[[ Collected data, beginning ]]

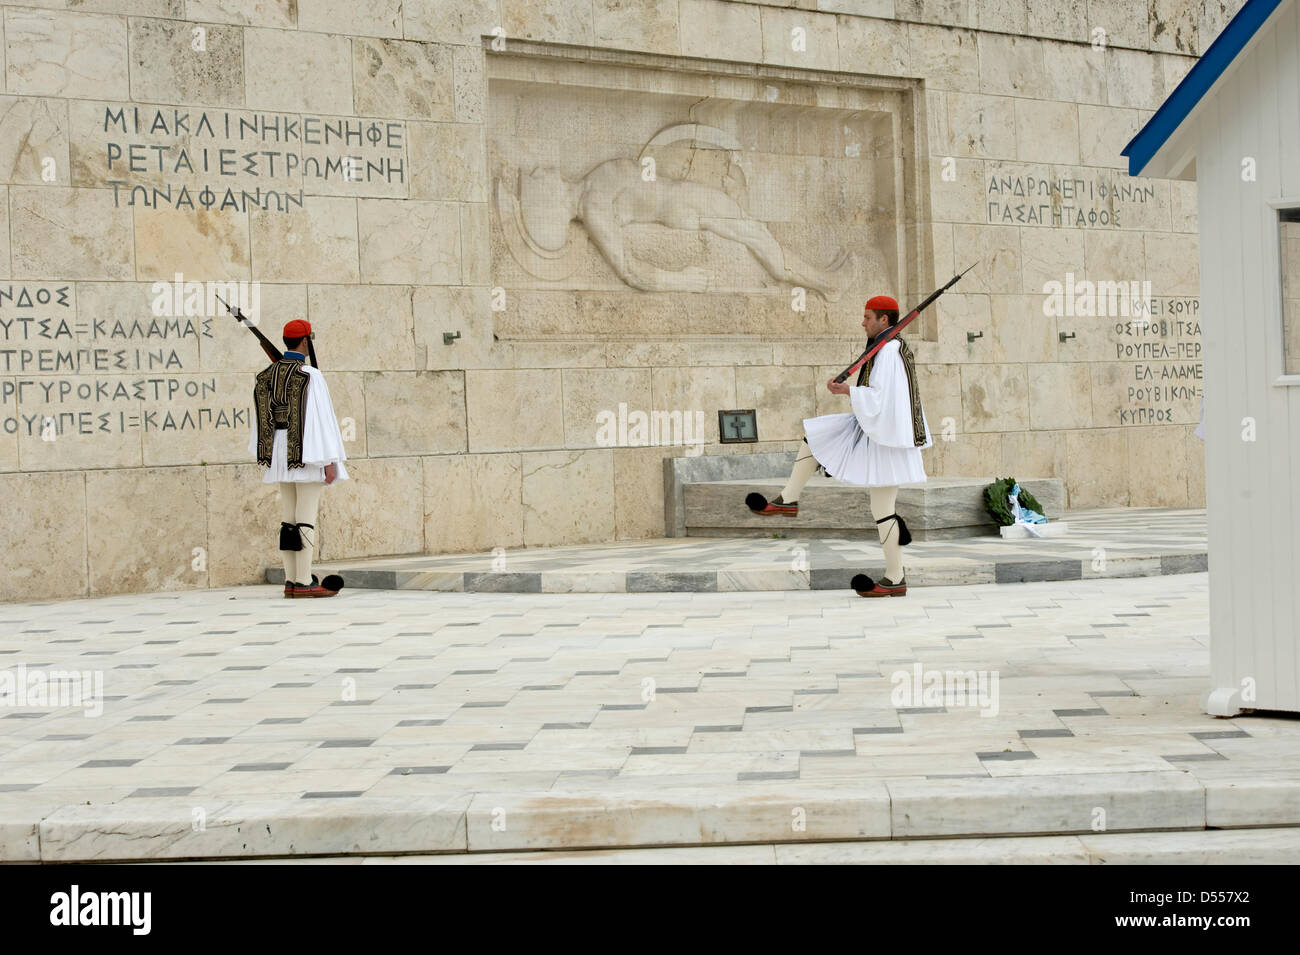 Atene, Grecia, 25 marzo 2013: Grecia il Giorno di Indipendenza. I soldati in abito tradizionale eseguire una cerimonia davanti al Palazzo del Parlamento. Foto Stock
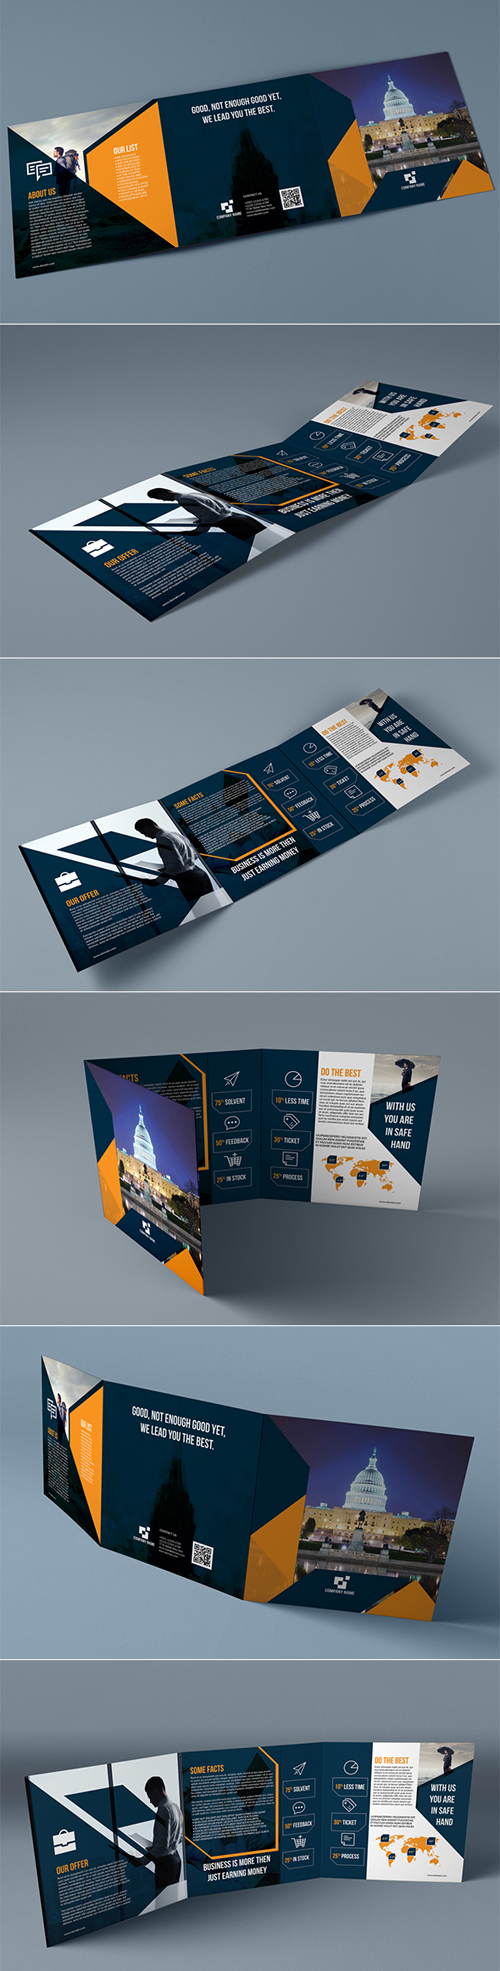 Ultimate Square Trifold Brochure Design
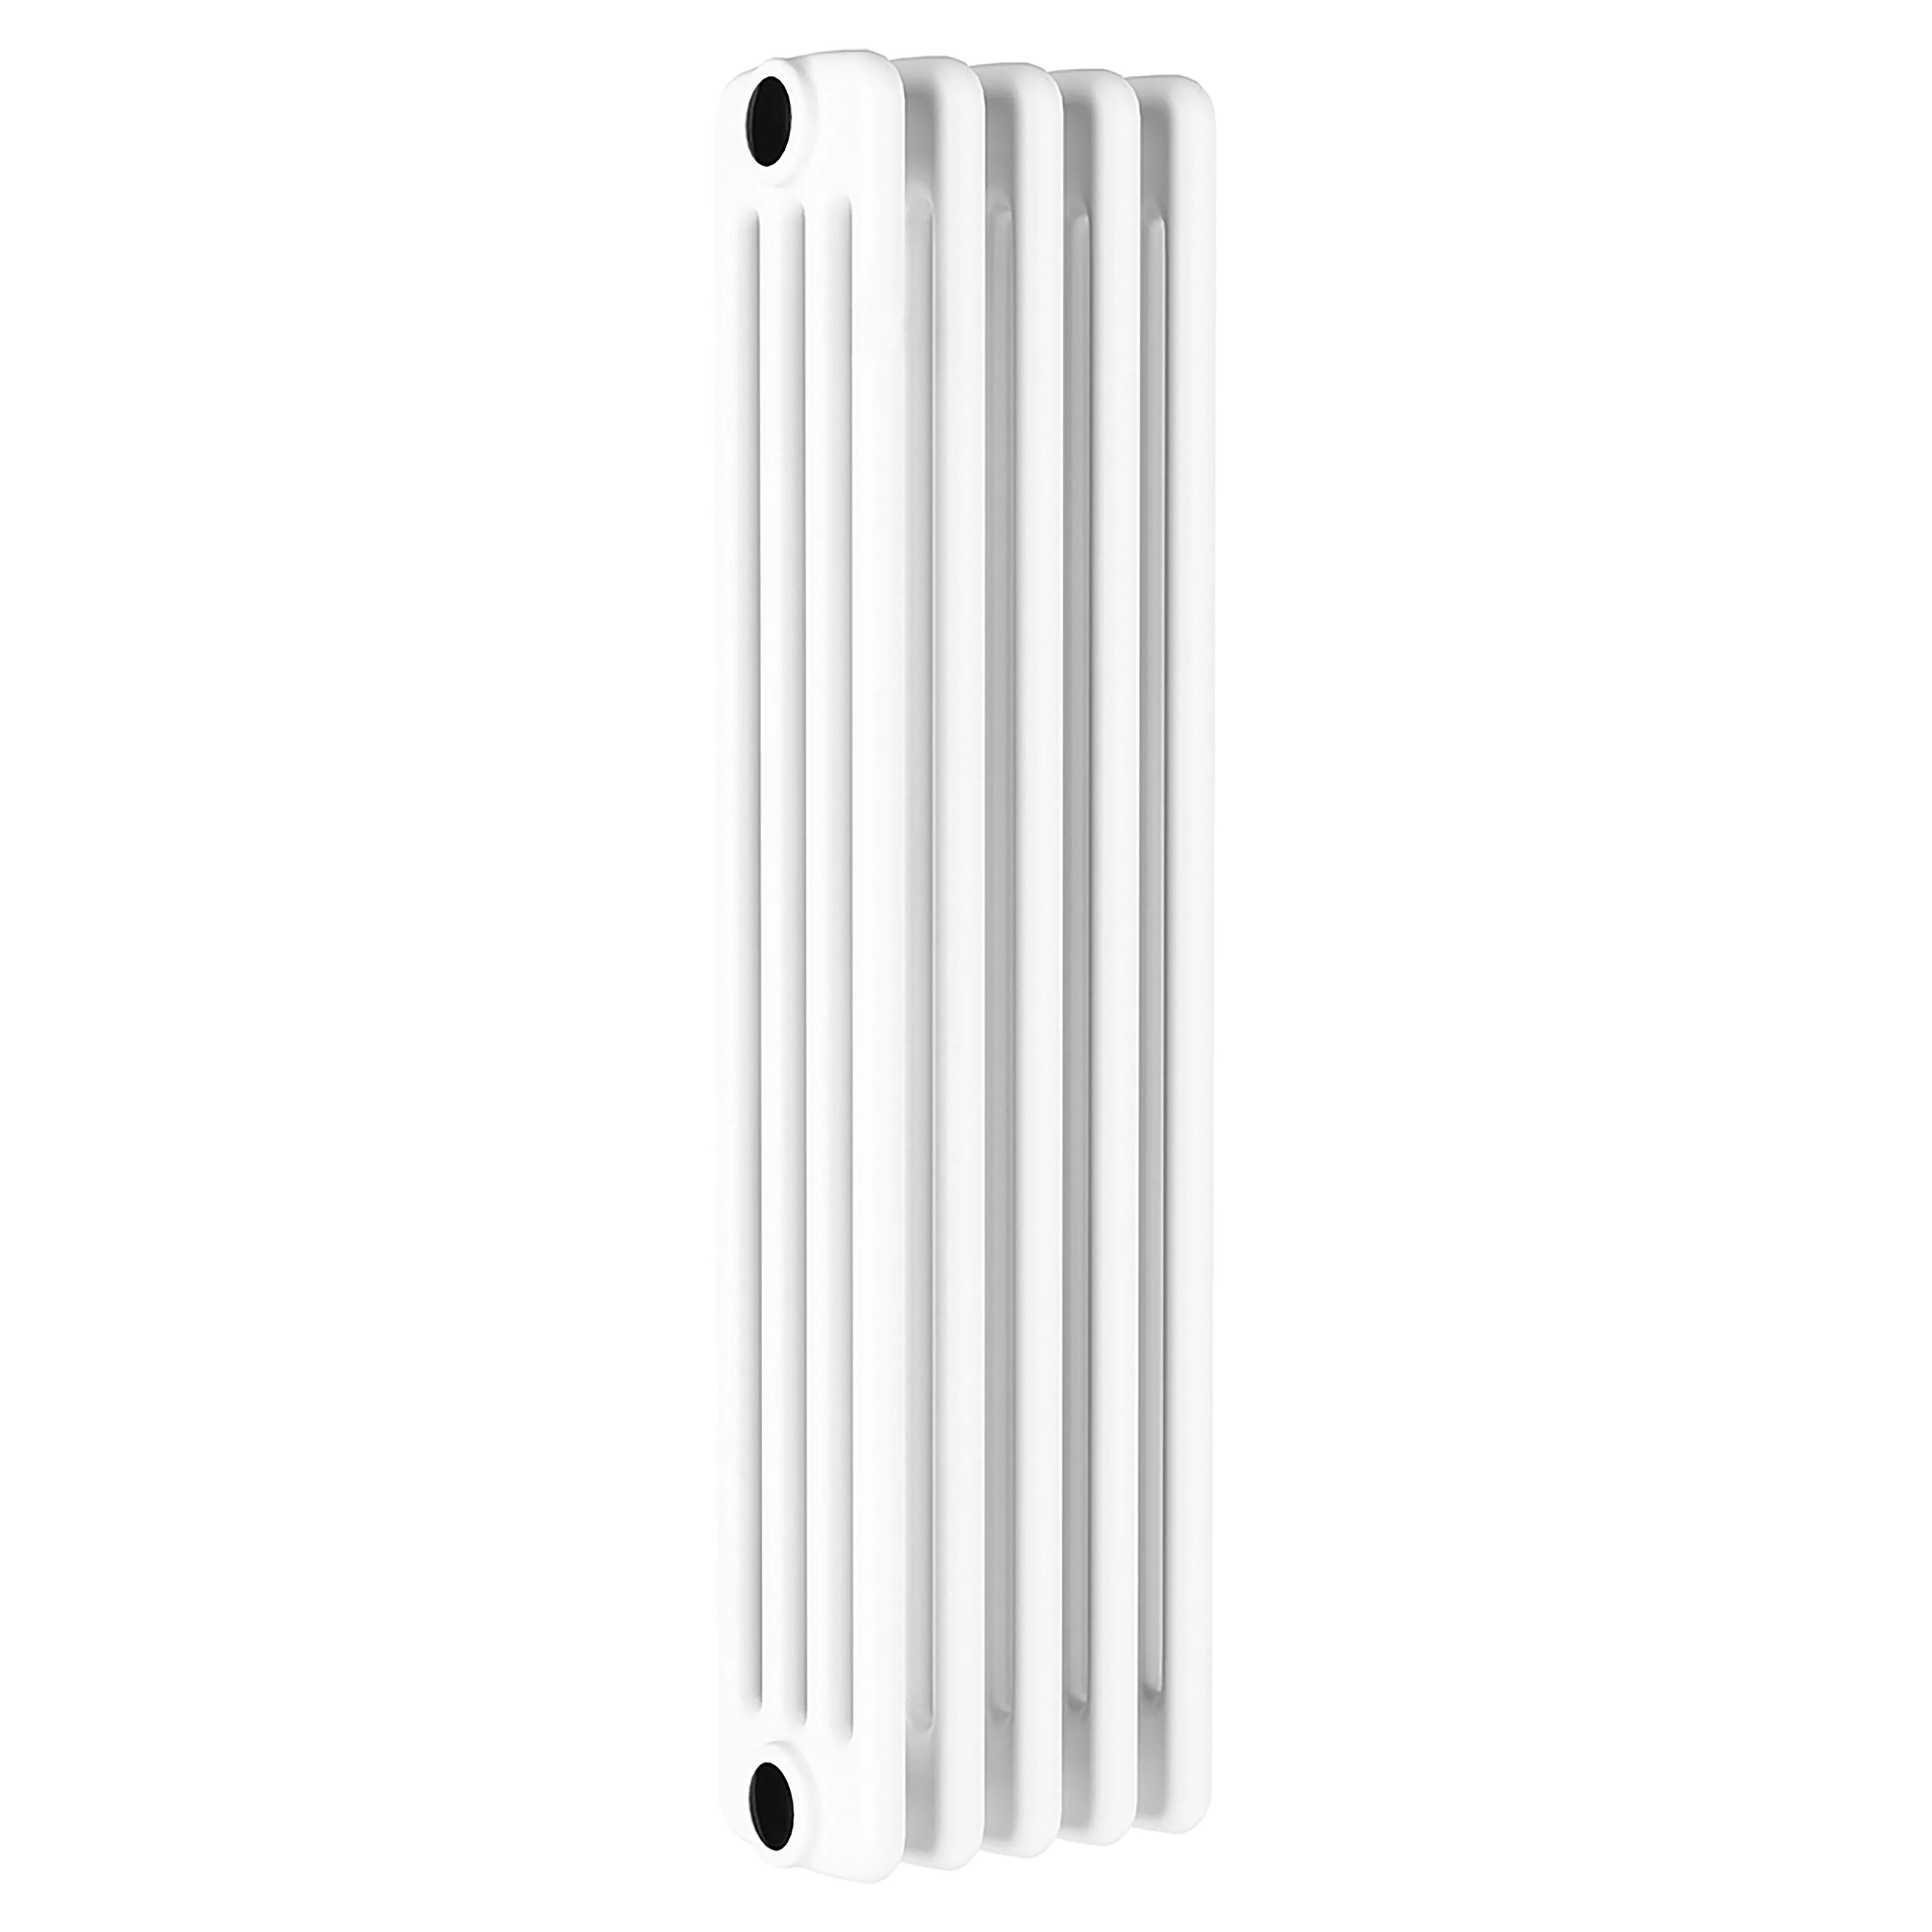 delonghi radiatore de longhi acciaio tubolare 4 colonne 5 elementi h600 mm interasse 530 mm

[[ Collected data, end ]]

**Your goal**. Please repeat all of the data exactly, excluding images.

**Written solution**.
 Atene, Grecia, 25 marzo 2013: Grecia il Giorno di Indipendenza. I soldati in abito tradizionale eseguire una cerimonia davanti al Palazzo del Parlamento. Foto Stock
 Ultimate Square Trifold Brochure Design
 delonghi radiatore de longhi acciaio tubolare 4 colonne 5 elementi h600 mm interasse 530 mm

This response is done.